Fri, Nov 21, 2003 - Page 7 News List

Ashcroft defends deportation of Canadian

REUTERS , WASHINGTON

US Attorney General John Ashcroft assured a Canadian Cabinet minister on Wednesday that no laws were broken in the case of a Syrian-born Canadian who was handed over to Syria, where he says he was tortured.

Solicitor General Wayne Easter told reporters he discussed the case of Maher Arar, which has triggered criticism of the US actions by top Canadian officials, during a lunch meeting at the Canadian Embassy.

The 33-year-old computer technician was arrested by US agents in September last year while changing planes in New York on his way to Canada from Tunisia. He says he was held for 13 days by US agents, and then taken to Syria via Jordan.

Arar, who has returned to Canada after Syria released him following a year in captivity, says he was regularly tortured during his time in a Damascus jail.

US officials say they suspected Arar belonged to the al-Qaeda organization of Osama bin Laden. US Justice Department officials said he was on a government watchlist for being "a member of a known terrorist organization."

They noted Syria has denied that Arar was tortured, and said the US had received assurances from Syria before he was sent there that he would not be tortured.

A top US Justice Department official at the time, Larry Thompson, personally approved sending Arar to Syria, a law enforcement official said.

Mark Corallo, a spokesman for Ashcroft, said, "We know we acted well within our laws and applicable international treaties and conventions."

Easter also said that Ashcroft assured him the decision had been made under US law and no laws were broken. Ashcroft "feels that they were operating under their mandate, in the interest of their laws and their national security," he said.

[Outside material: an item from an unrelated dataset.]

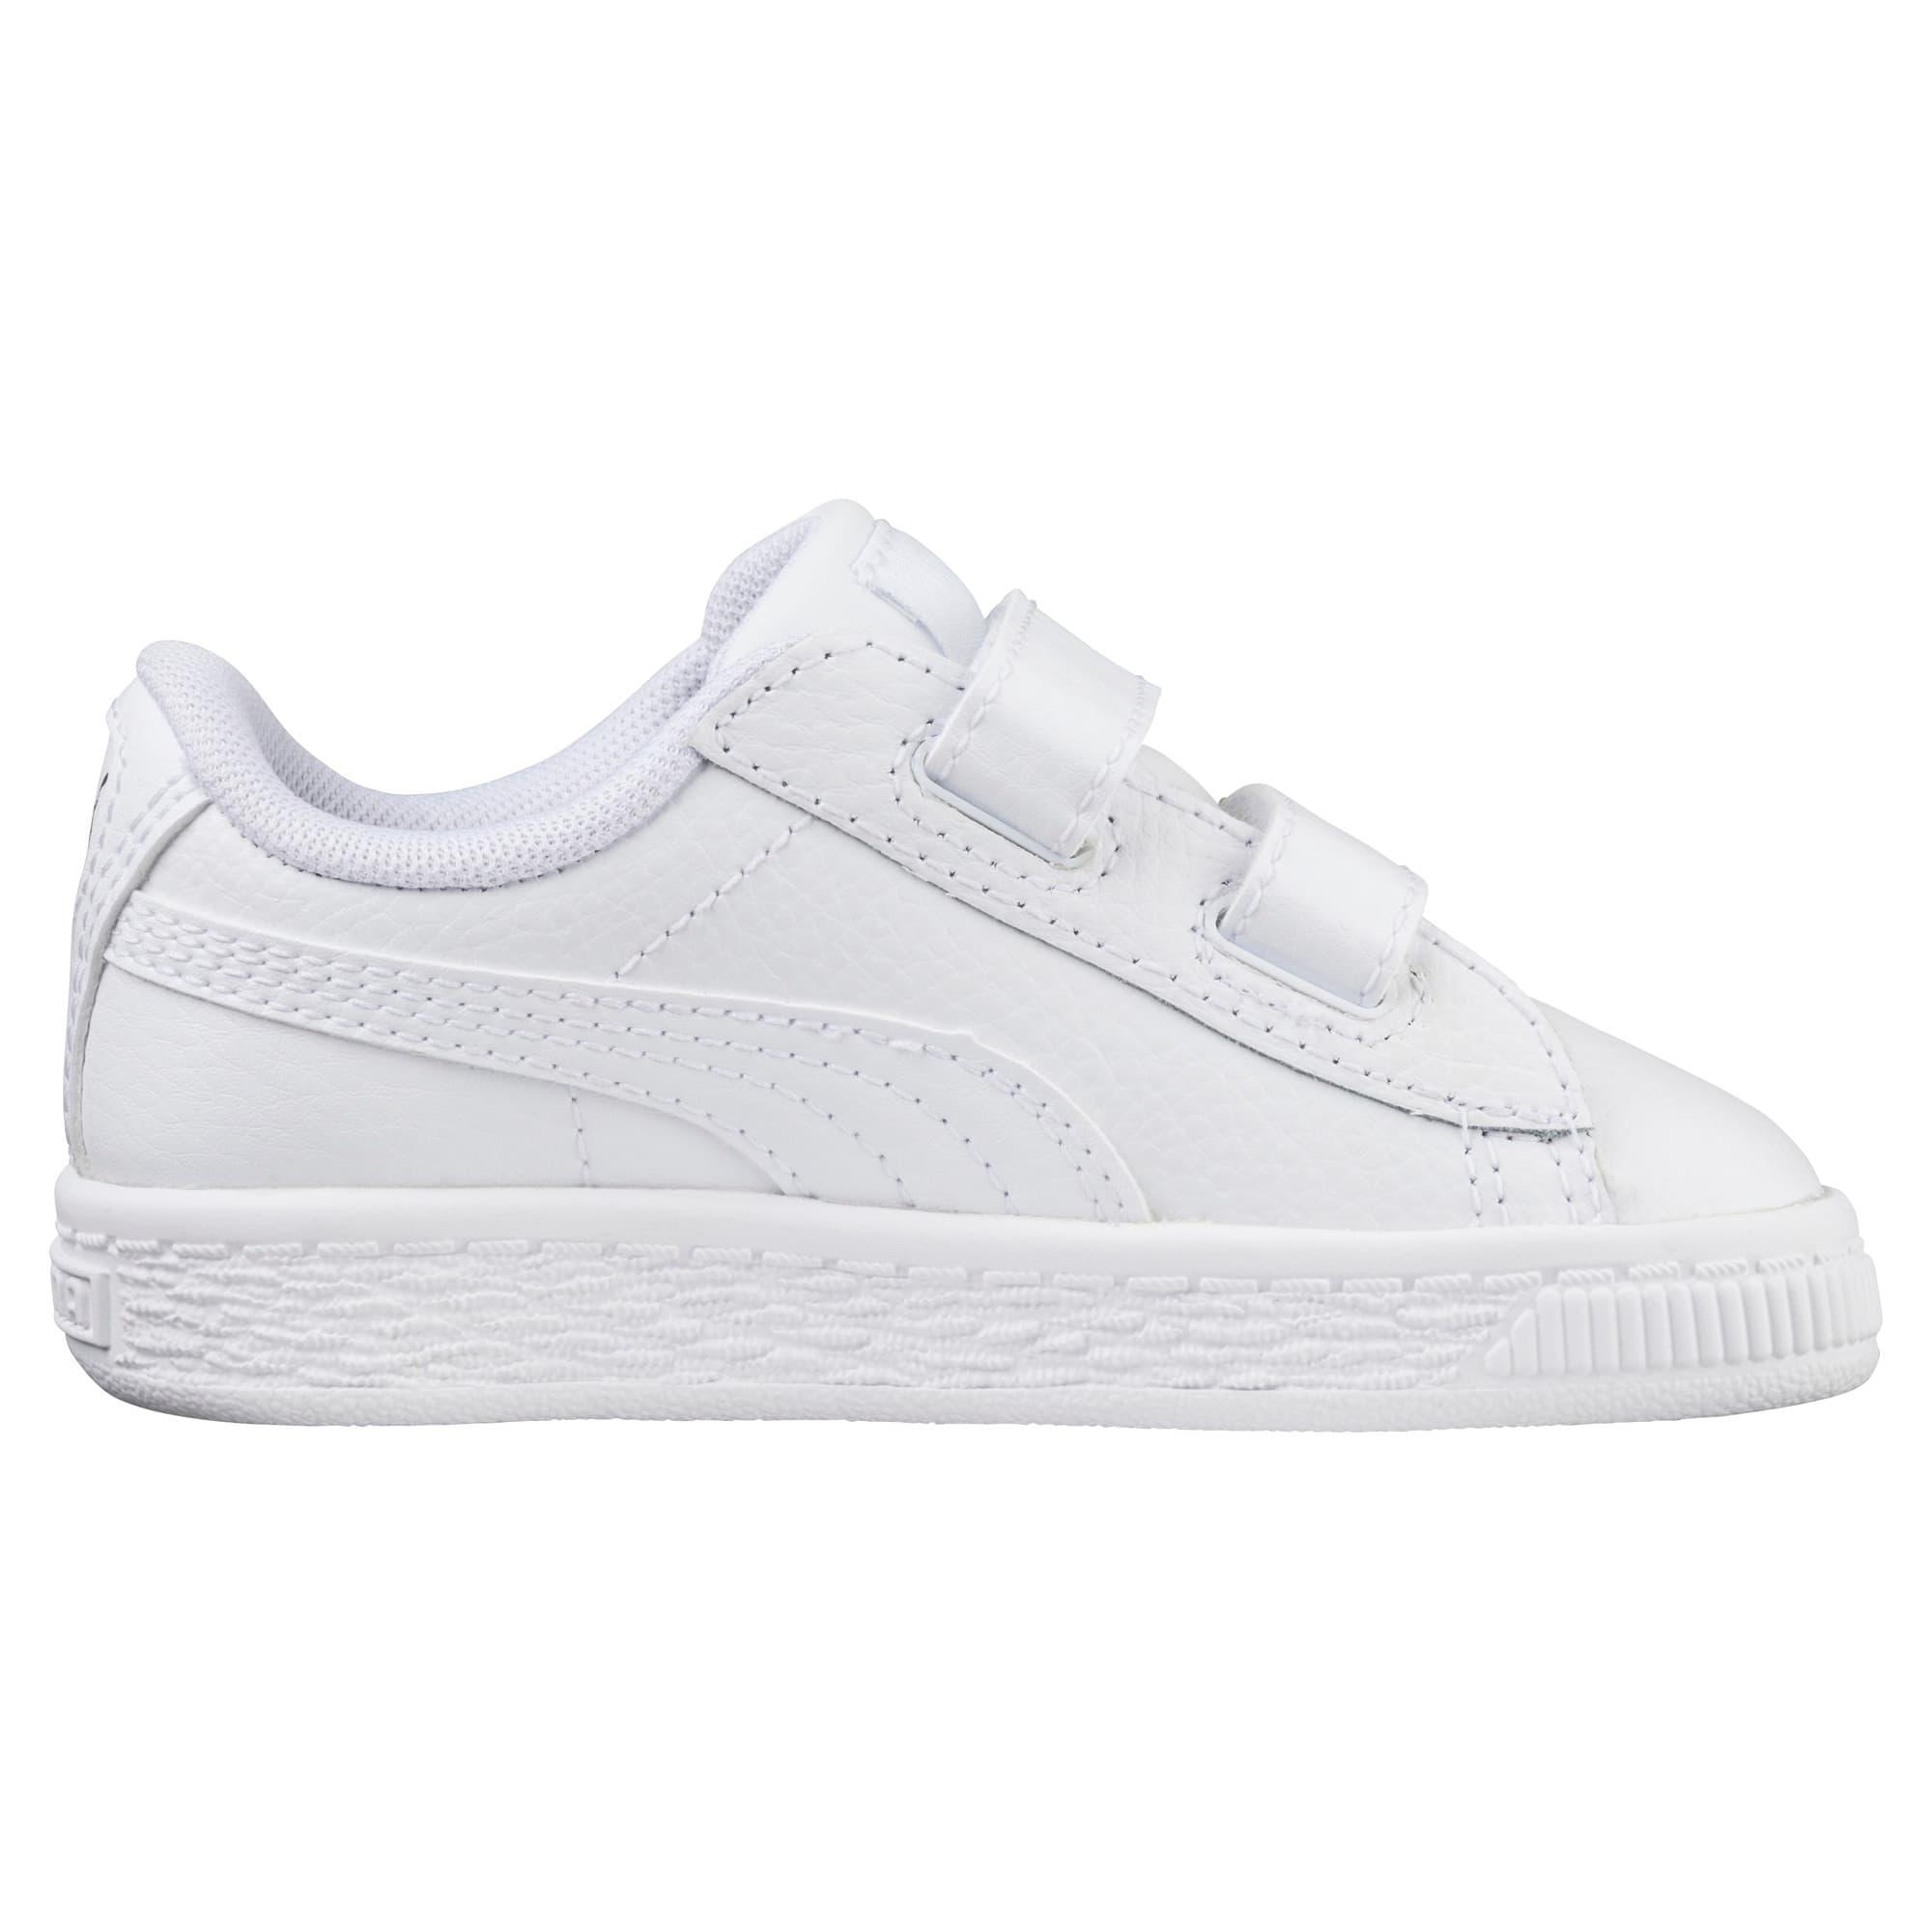 Thumbnail 3 of Basket Classic AC Toddler Shoes, Puma White-Puma White, medium

Last week, US lawyers for Arar called for an investigation by Ashcroft and congressional intelligence committees. Arar says he was deported to Syria even though he told US agents he would be tortured there.

Easter said he did not want to talk about the specifics of the case, which is under review by a commission in Canada.

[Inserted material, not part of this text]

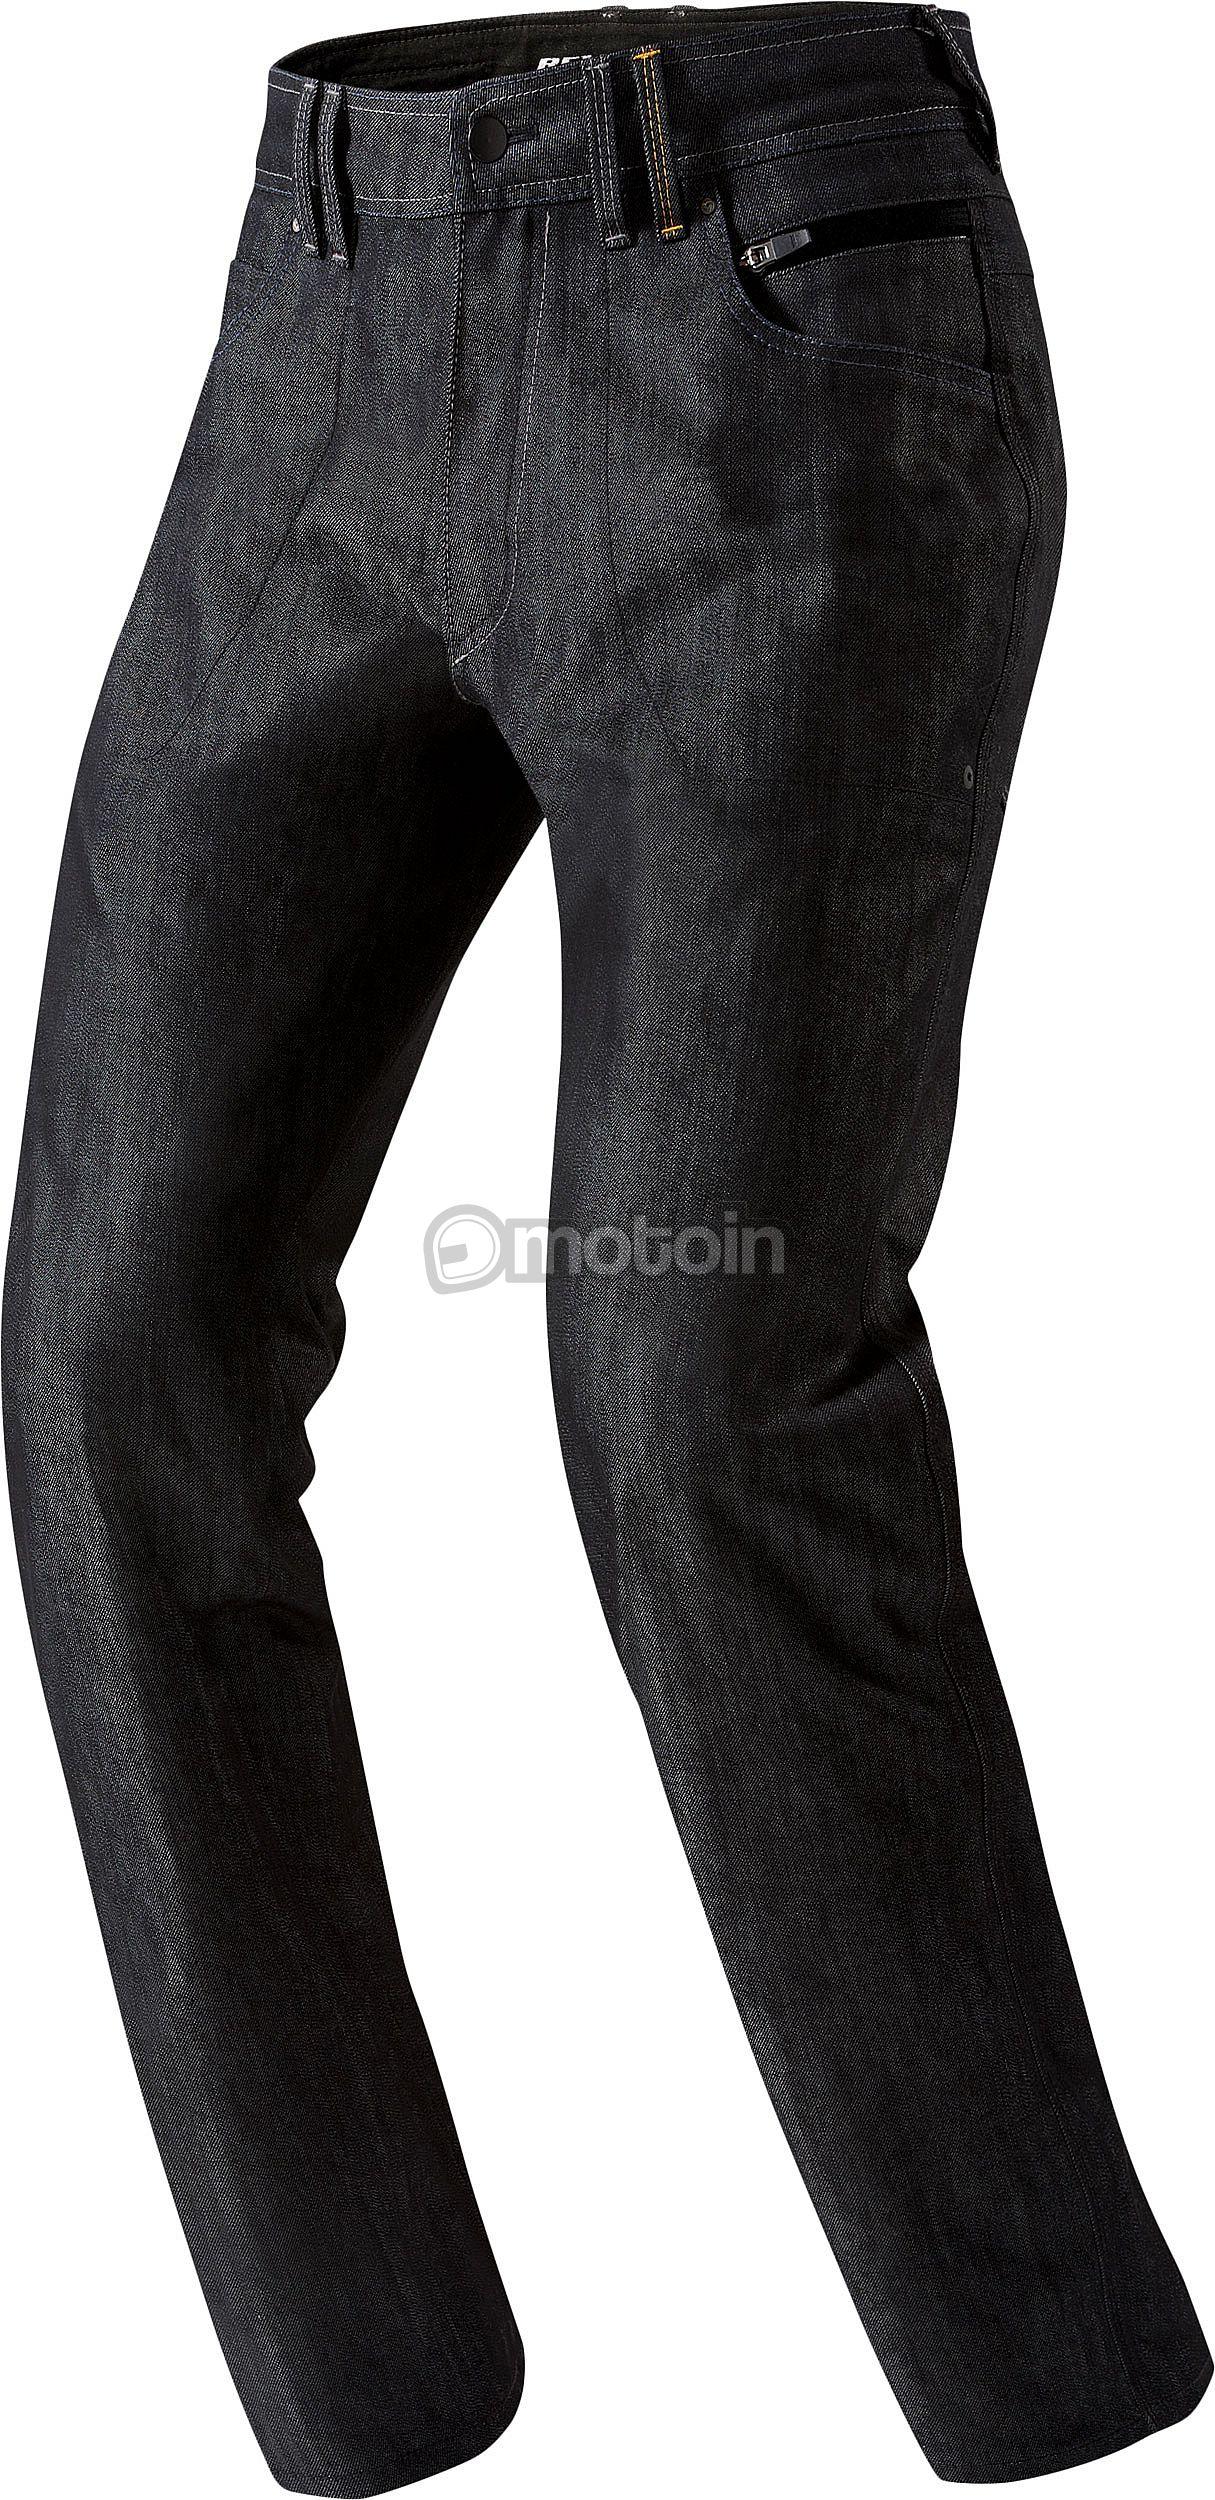 revit memphis h2o jeans wasserdicht. Black Bedroom Furniture Sets. Home Design Ideas

"We want to get to the bottom of it," he said.

Easter emphasized the need to balance national security interests with making sure the rights of individual Canadian citizens are protected.

Arar's lawyers have asked whether US authorities acted on information provided by Canadian security services.

"The information didn't just come from Canada alone. The information comes from a number of agencies globally, and that's the bottom line," Easter said.